→ **Data segment**:
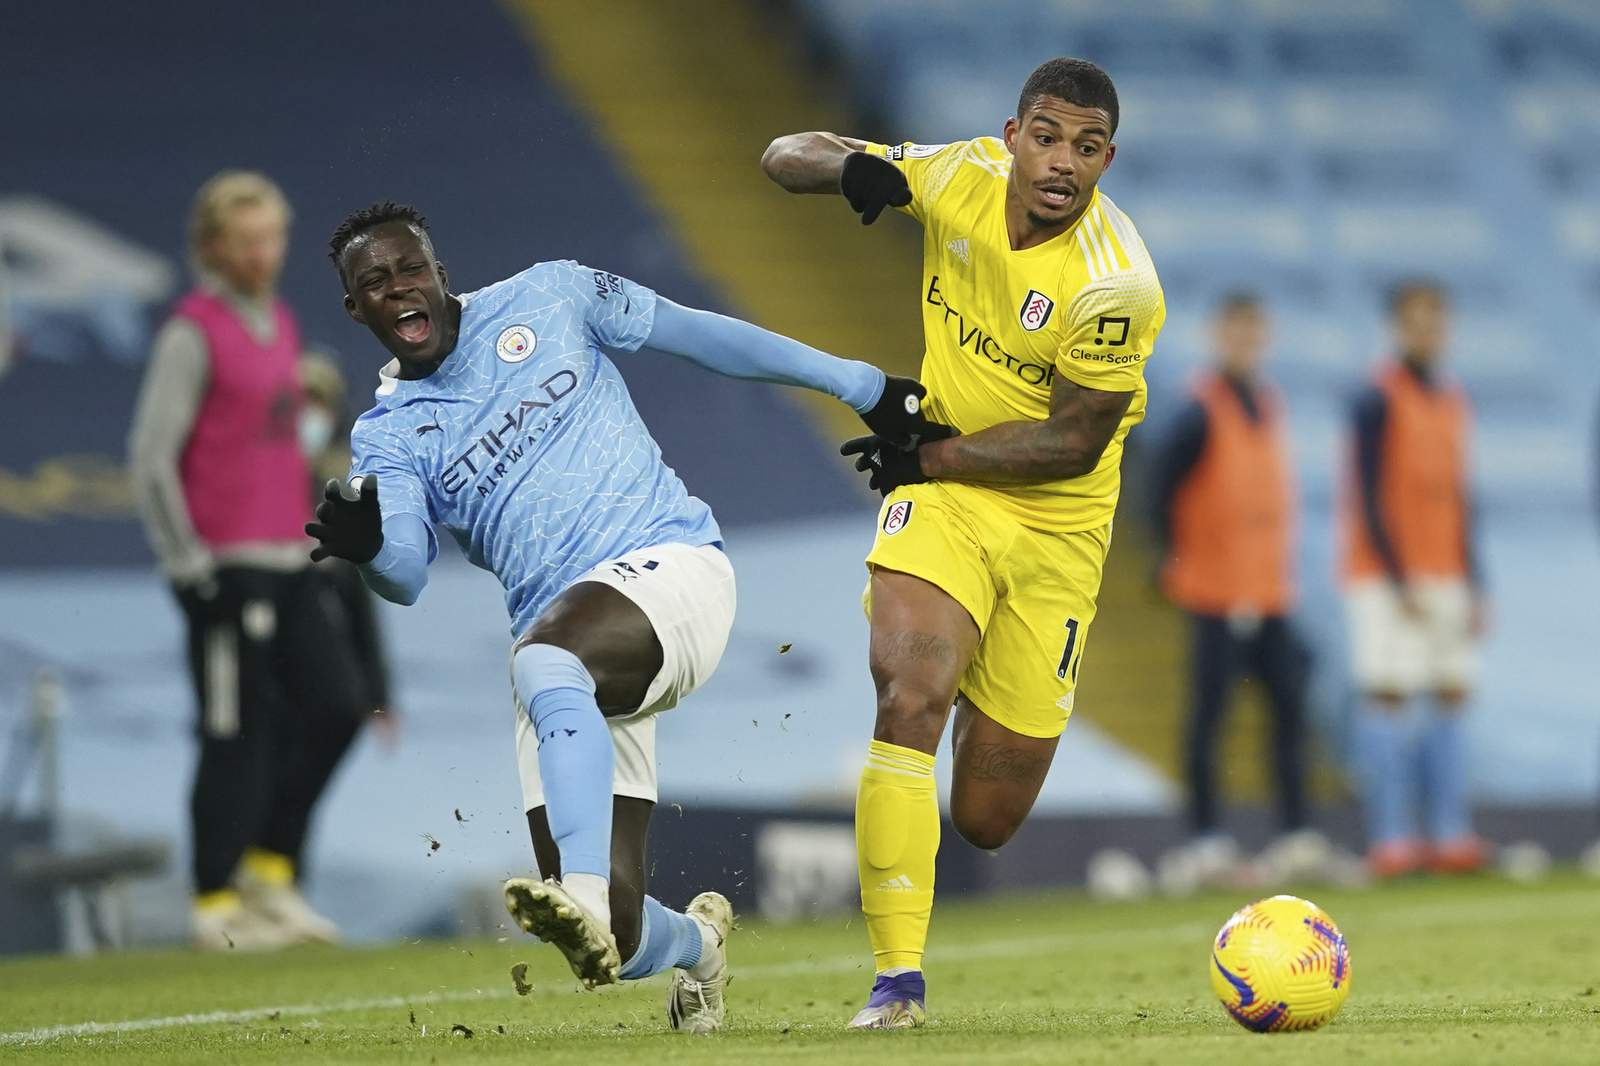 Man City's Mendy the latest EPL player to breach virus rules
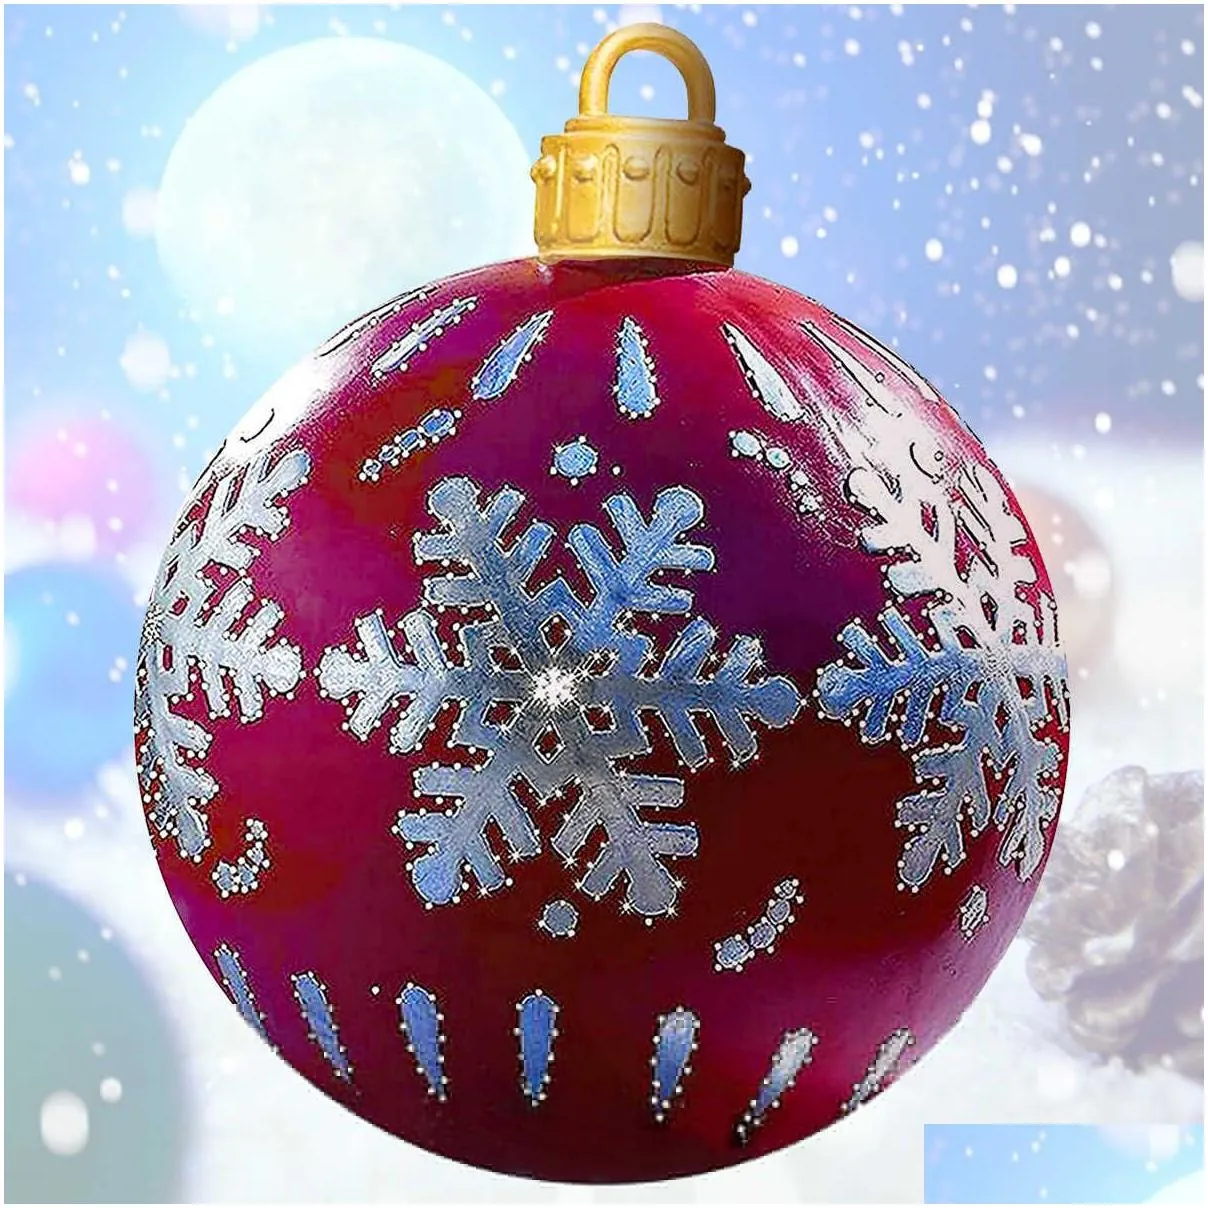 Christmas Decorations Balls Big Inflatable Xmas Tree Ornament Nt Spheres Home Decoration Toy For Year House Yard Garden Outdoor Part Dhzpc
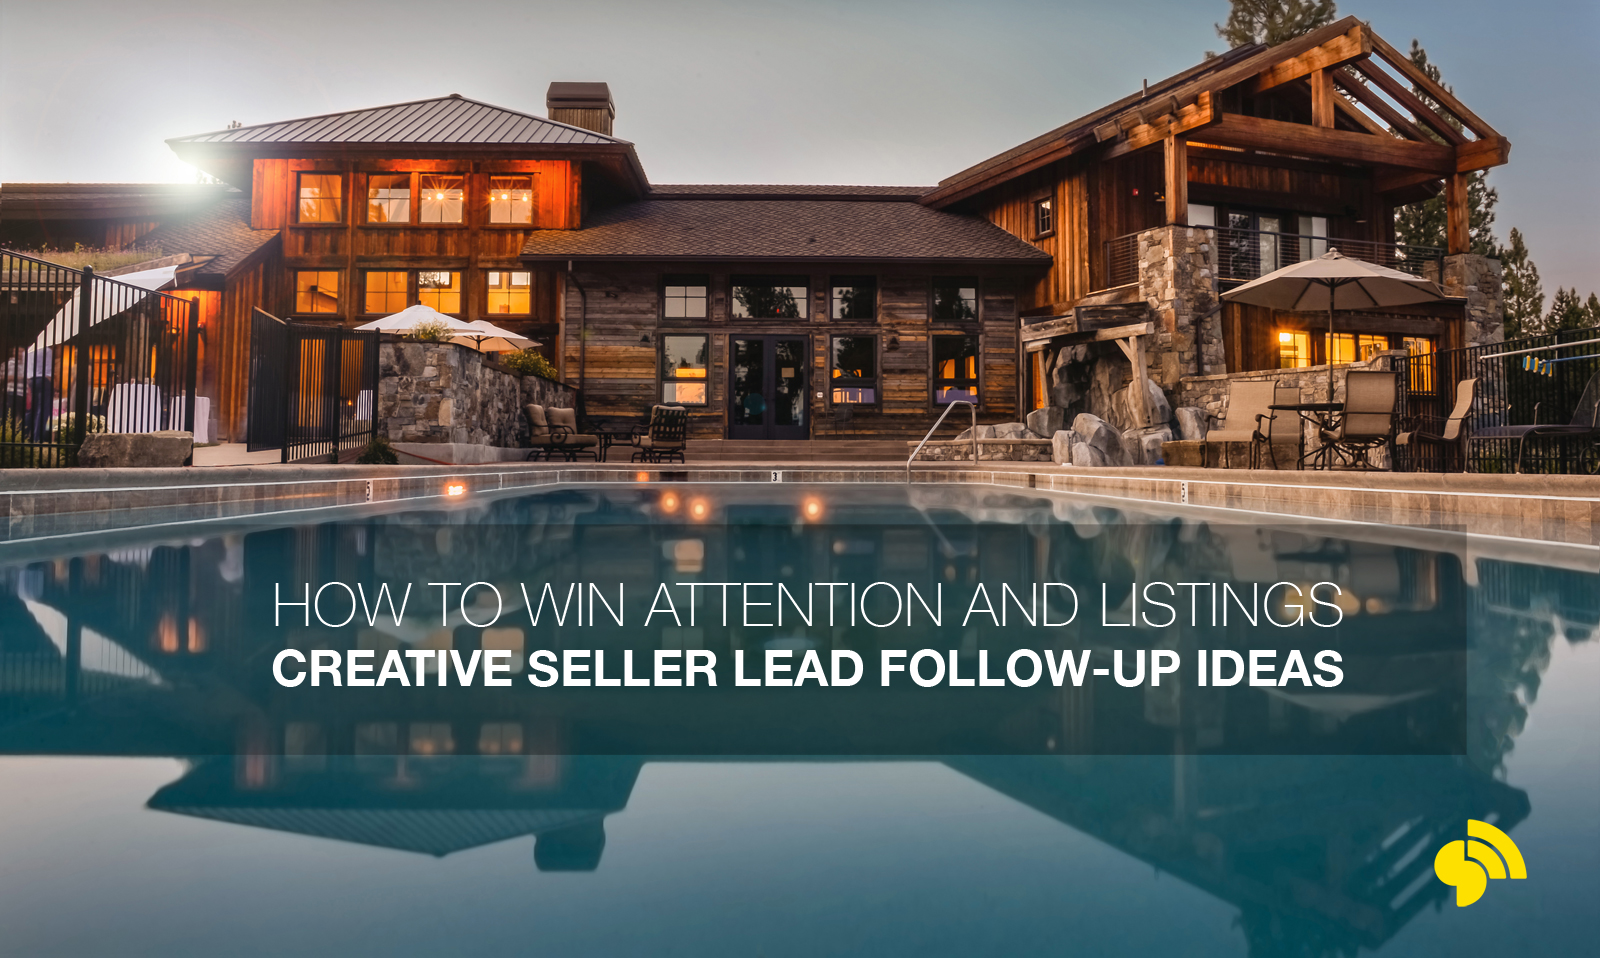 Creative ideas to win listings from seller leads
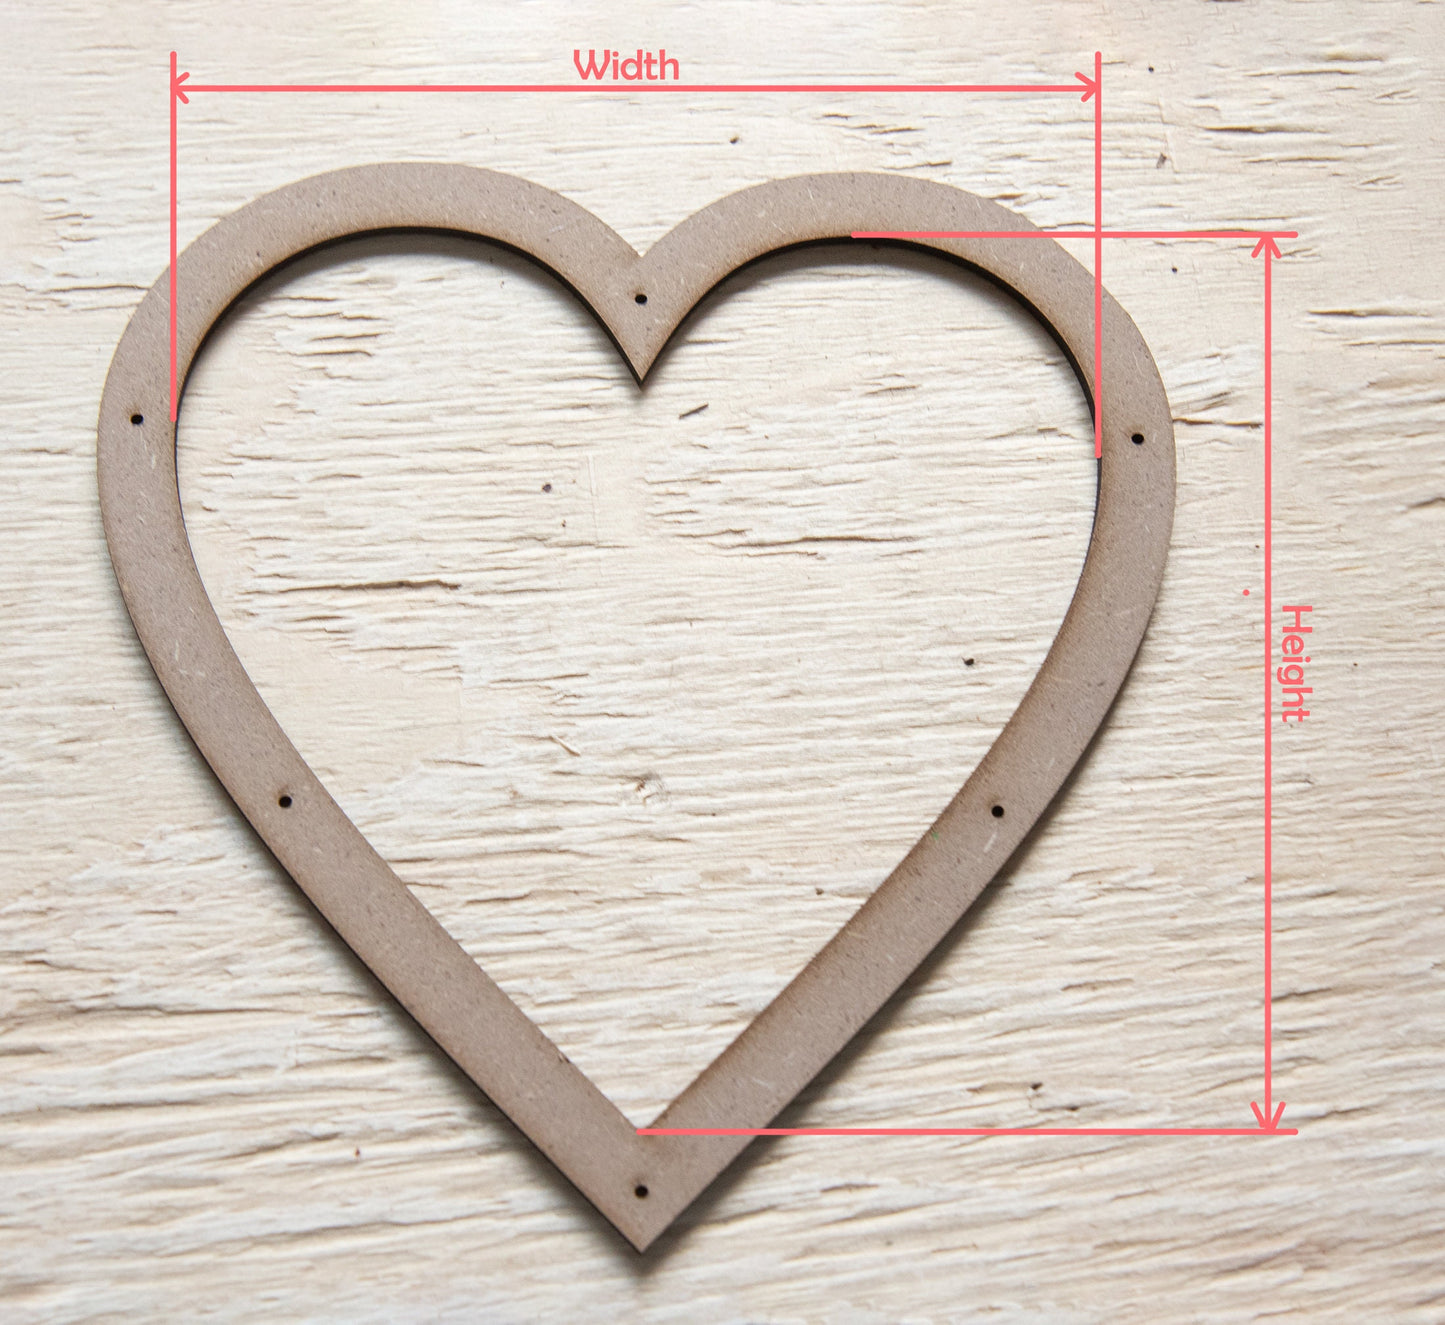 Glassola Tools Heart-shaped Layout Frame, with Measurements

→ **Problem description**:
Please print the data above in its entirety, exactly, but without any picture.

→ **Written response**:
 Man City's Mendy the latest EPL player to breach virus rules
 Christmas Decorations Balls Big Inflatable Xmas Tree Ornament Nt Spheres Home Decoration Toy For Year House Yard Garden Outdoor Part Dhzpc
 Creative ideas to win listings from seller leads
 Glassola Tools Heart-shaped Layout Frame, with Measurements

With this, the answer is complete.